Verzekeraars spelen een cruciale rol bij het verminderen van deze risico's door bedrijven op te leiden om de risico's te minimaliseren en financiële en andere ondersteuning te bieden als IoT-apparaten worden gecompromitteerd en leiden tot bedrijfsonderbreking, fysieke schade of de diefstal van gegevens.

Cyberverzekeringen kunnen de financiële en reputatiekosten van de eerste en derde partij dekken als gegevens of systemen zijn gestolen, beschadigd of gecompromitteerd. Eerstepartijdekking omvat de kosten van onderzoek naar en herstel van cybercriminaliteit, van inkomstenderving als gevolg van een bedrijfsonderbreking, reputatieherstel en -beheer tot afpersingsbetalingen aan hackers. Dekking door derden omvat schade en schikkingen, en de kosten van juridische verdediging tegen boetes als gevolg van een inbreuk.
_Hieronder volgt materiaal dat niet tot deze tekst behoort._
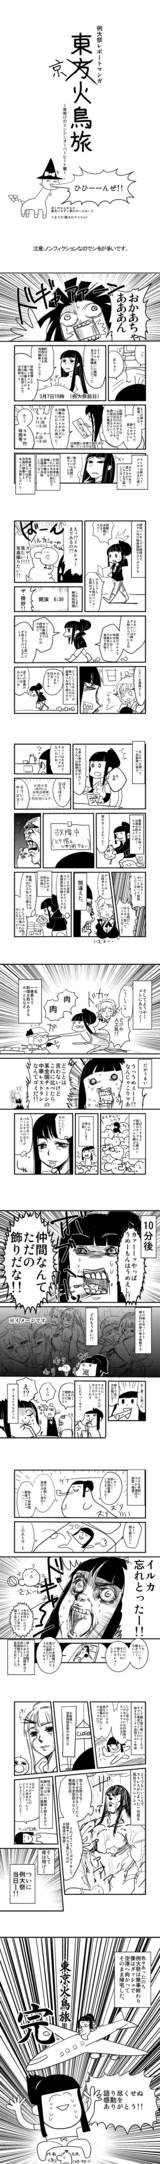 東京火鳥旅〜夜明けのエンジンオーバーヒート篇〜

De beste vormen van cyberverzekering zijn niet zomaar een product, maar een dienst die bedrijven helpt om verder te komen op het pad naar compliance en hun blootstelling aan risico's te minimaliseren. Een toenemend aantal verzekeraars – waaronder Brit – biedt een aantal pre-cyberincidentdiensten aan als onderdeel van hun polissen:klanten kunnen toegang krijgen tot online portals met procedures en plannen die kunnen worden geïmplementeerd om risico’s te verlagen, materiaal voor incidentresponsplanning en controle lijsten voor gereedheid.

De auteurs zijn Andrea Gaglione, technologieleider en Ben Maidment, cyberclass underwriter bij Brit Insurance.